Hi all, I have a vip722 and signal strength is in the 40's for all three satellites. Seemingly randomly the 722 will lose signal (typically some time over night/when I go to turn the tv on the next day) and when the 722 is turned on it shows the "acquiring" screen. I can go into menu 6-1-1 and there is no signal on any of the three. 

Then, if I unplug the coax, do a reset on the 722, then plug the cable back in, everything starts working again. This "solution" works every time but means any time I'm not there to perform it I can't record on the DVR. 

I've checked and replaced all the cables I have access to and all are RG6. 
Any thoughts on what the problem might be?

Thanks!


----------



## P Smith (Jul 25, 2002)

central wire corrosion somewhere ? F-connectors failures ? do you have a switch ? - try to recycle its power


----------



## blahblahblah65 (May 23, 2008)

I replaced all of the wires so I can't imagine corrosion is an issue/f connector issue. No switch is installed, as it just goes from the dish to the home distribution which only has a splitter. 

Would switching the port on the LNB assembly matter? I haven't tried that yet...


----------



## P Smith (Jul 25, 2002)

I would try new LNBF. BTW, did you check Details after System Info, perhaps there is drift of LOF in the LNBF ?


----------



## blahblahblah65 (May 23, 2008)

P Smith said:


> I would try new LNBF. BTW, did you check Details after System Info, perhaps there is drift of LOF in the LNBF ?

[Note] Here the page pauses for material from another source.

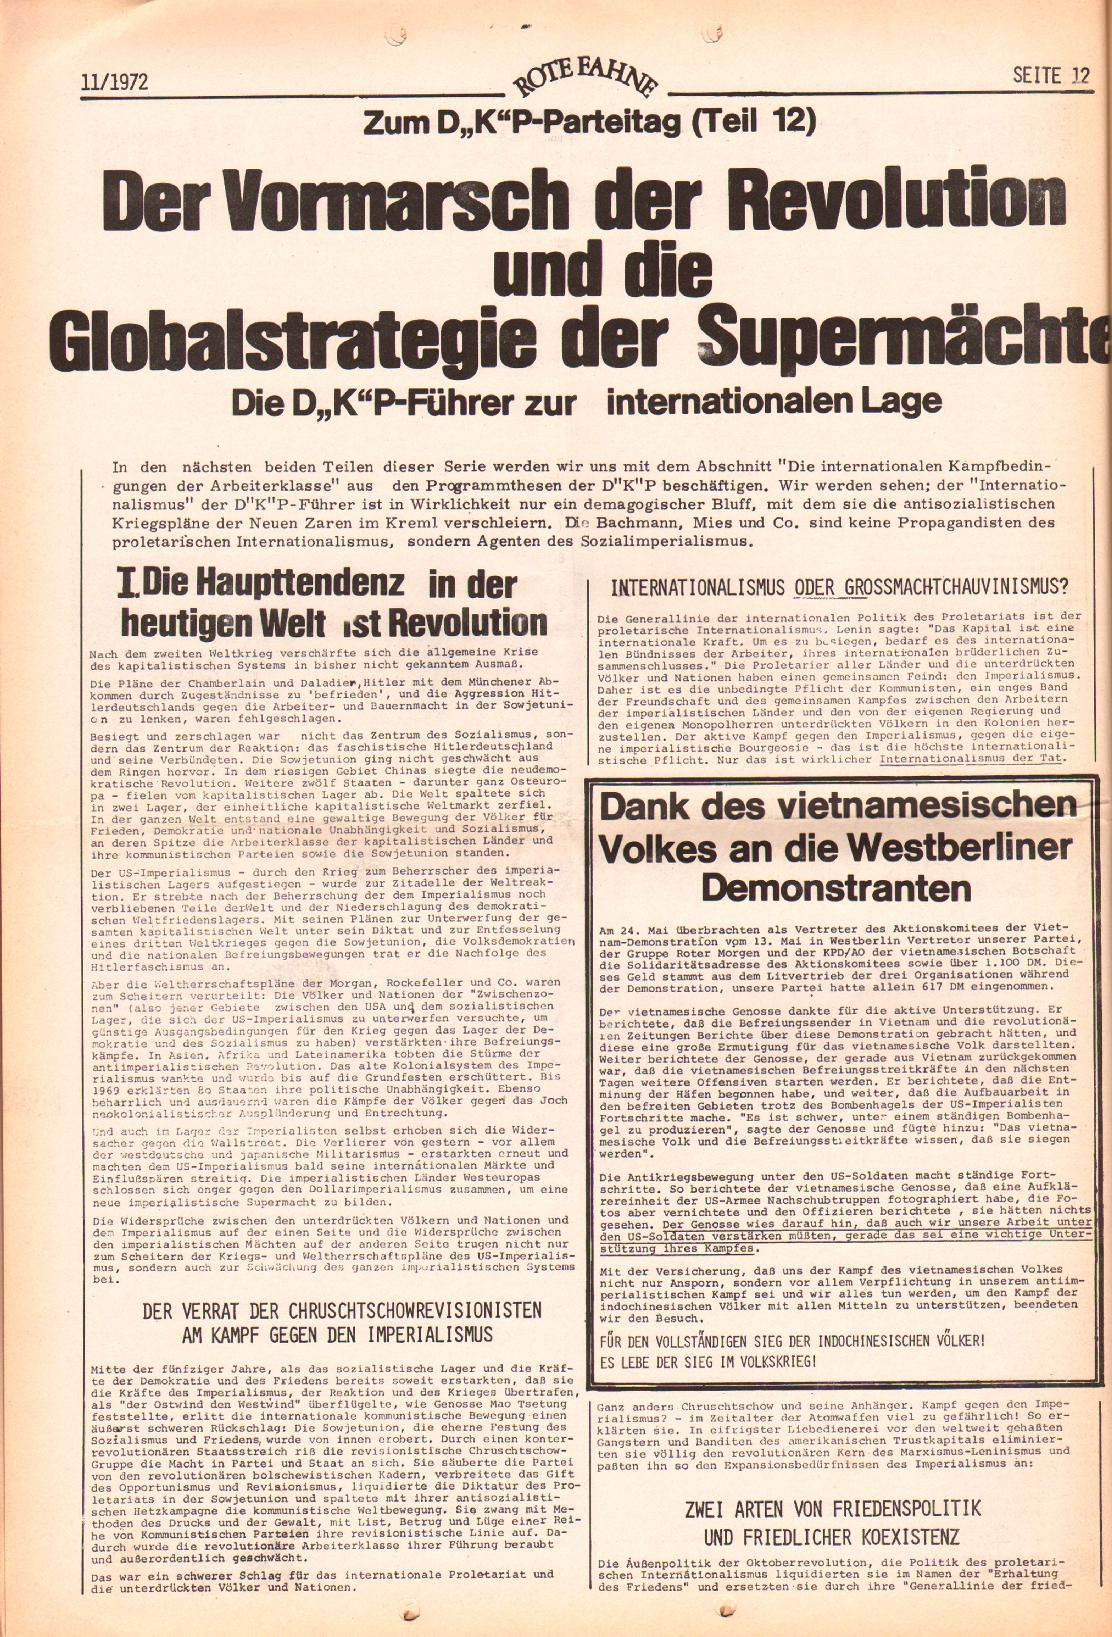 Rote Fahne, 3. Jg., 29.5.1972, Nr. 11, Seite 12
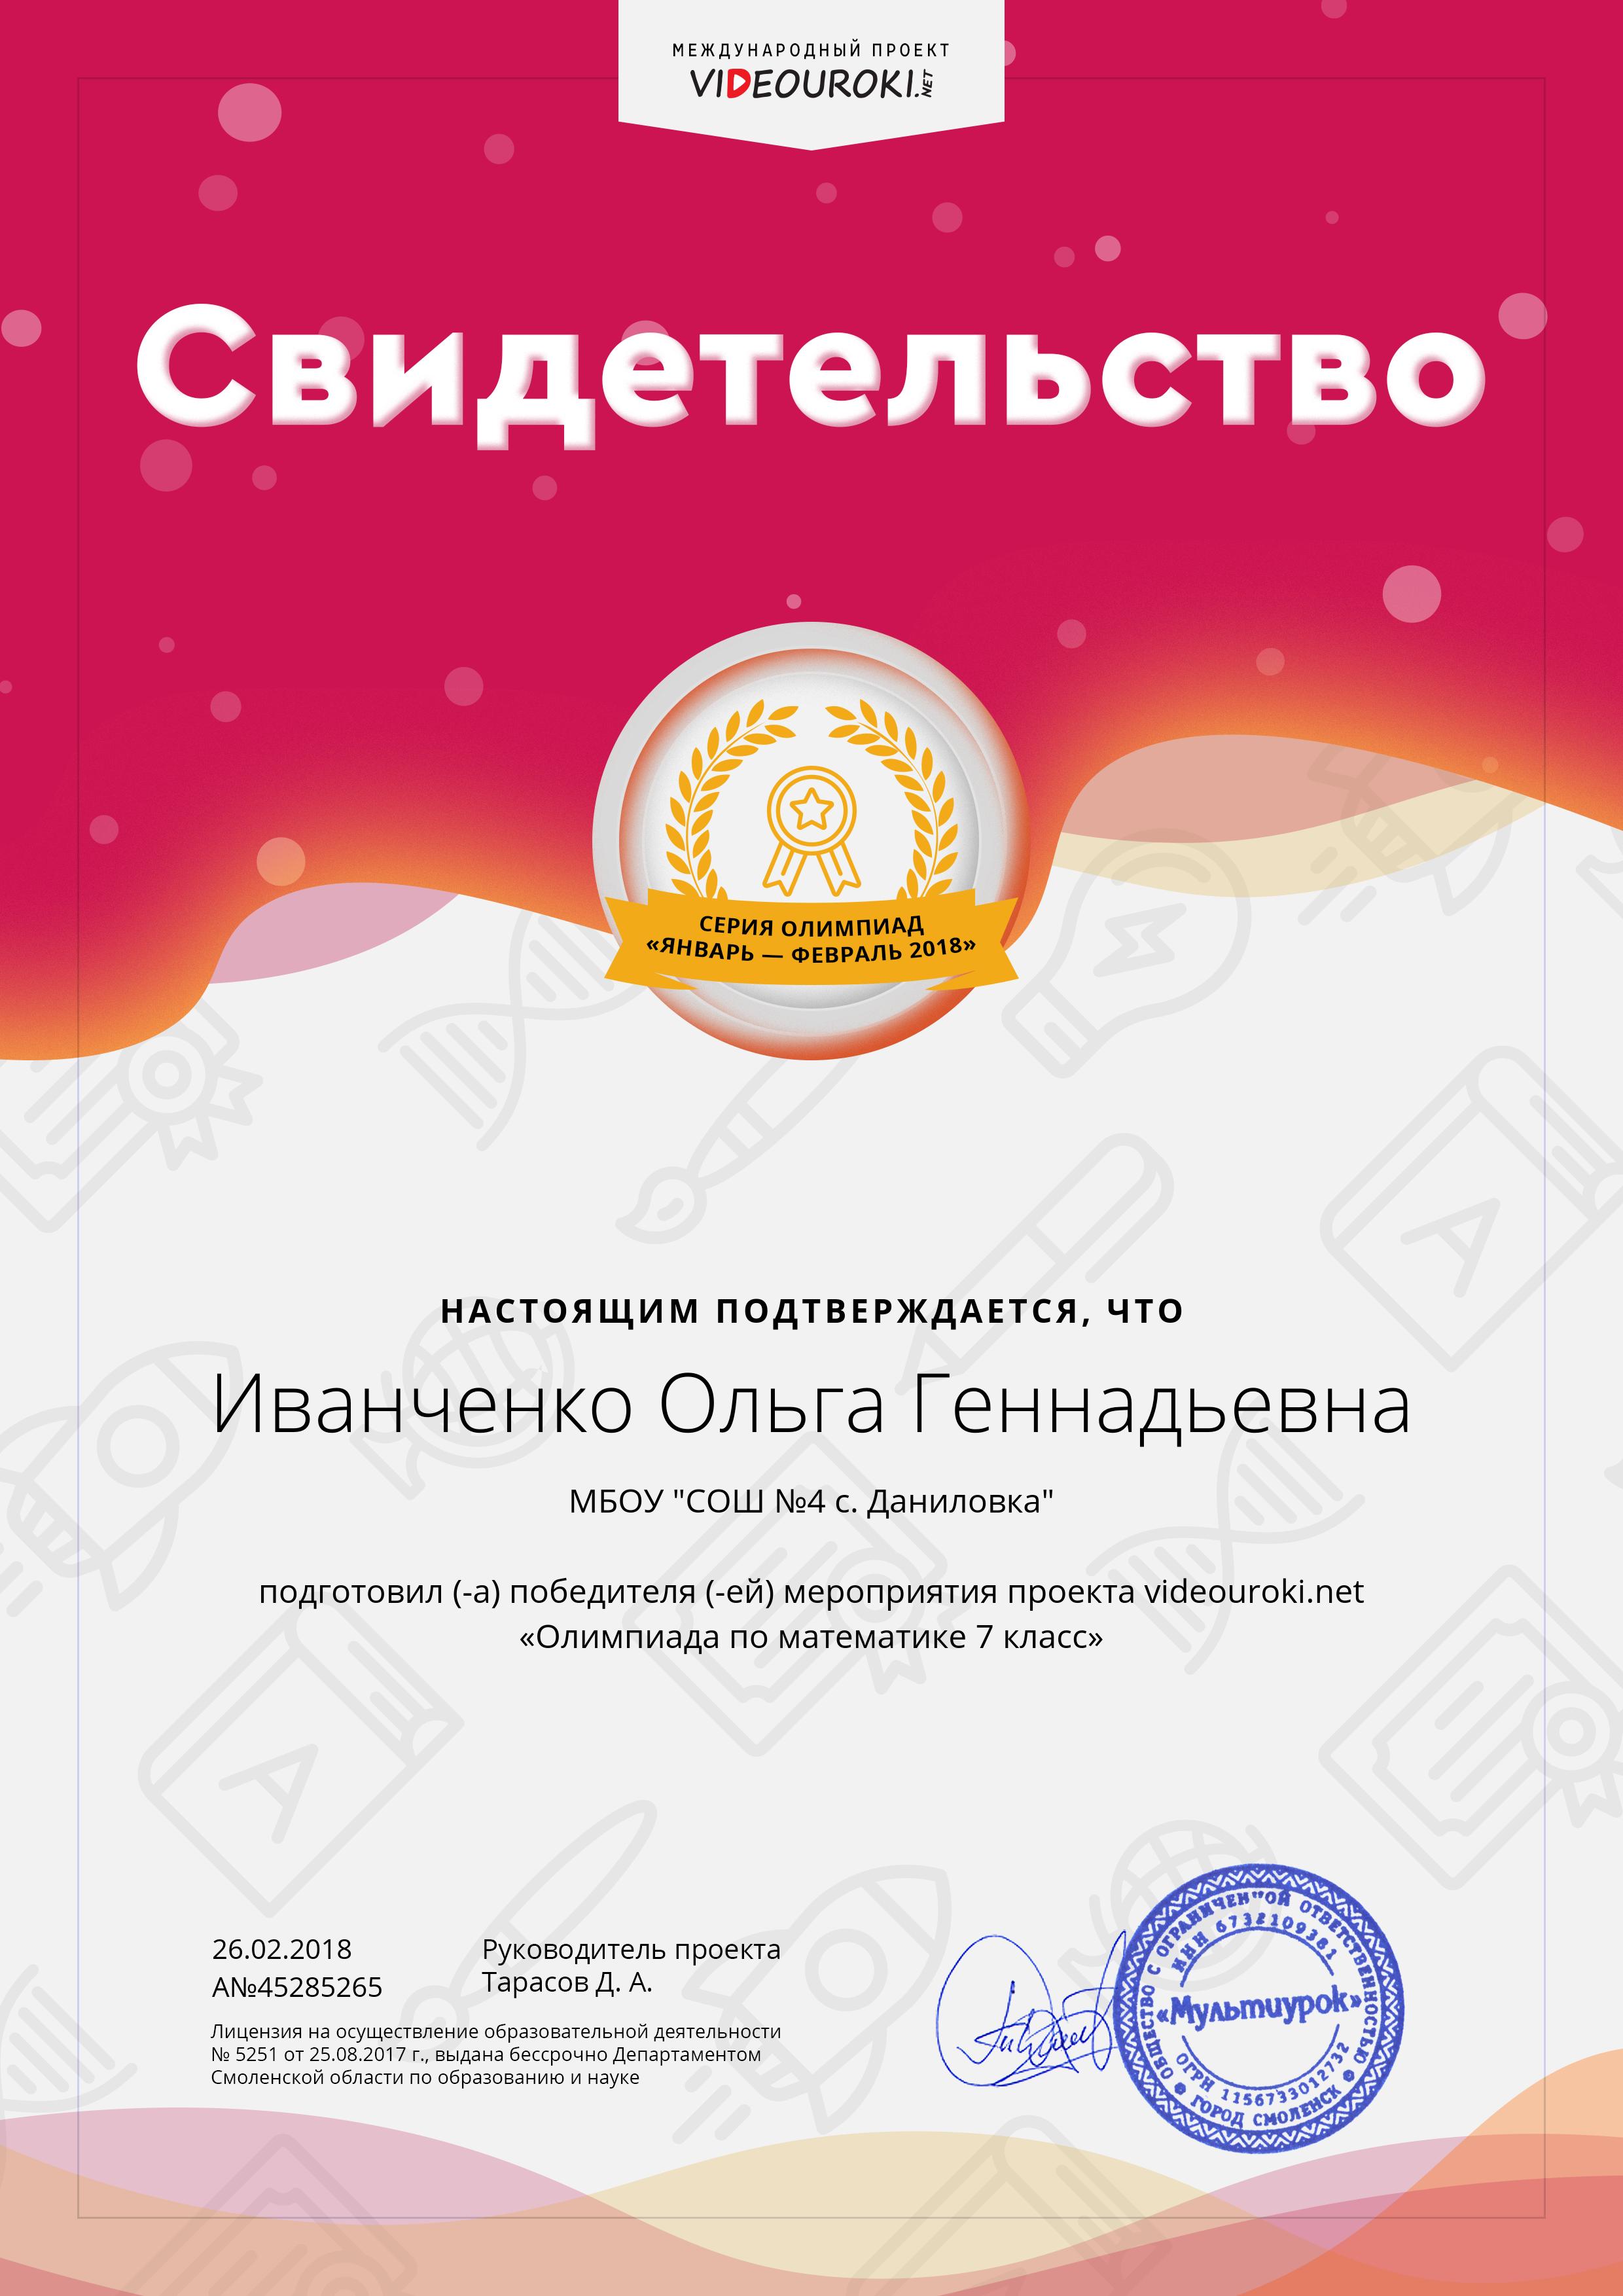 45285265. Свидетельство о подготовке победителя международной олимпиады проекта videouroki.net

Can you explain what that means? I have not checked that screen but I will. Just need to know what I'm looking for since I've not heard of this before.
thanks!


----------



## P Smith (Jul 25, 2002)

Take a look at that threads and posts what are about the "drift" of LNBF; I would recommend use Search in dish forums.


----------



## boba (May 23, 2003)

Did you ever get the spark problem from May solved?


----------



## Stewart Vernon (Jan 7, 2005)

_Moving to the 722 support forum for more exposure._


----------



## blahblahblah65 (May 23, 2008)

boba said:


> Did you ever get the spark problem from May solved?


Hi, yes, I ended up just running a separate cable. So rather than using the diplexer setup I use separate cables for HSI and Dish now. Seems to have worked. Sorry I did not follow up in the other thread!!


----------



## CeeWoo (Dec 1, 2008)

Mine is a 722K, but Strangely, I've had the 'partial signal loss' message come up a couple times in the last couple weeks. In playing around with the remote, I found that when I hit the 'guide' button, and then the cancel button, it goes back to normal.

Has me scratching my head


----------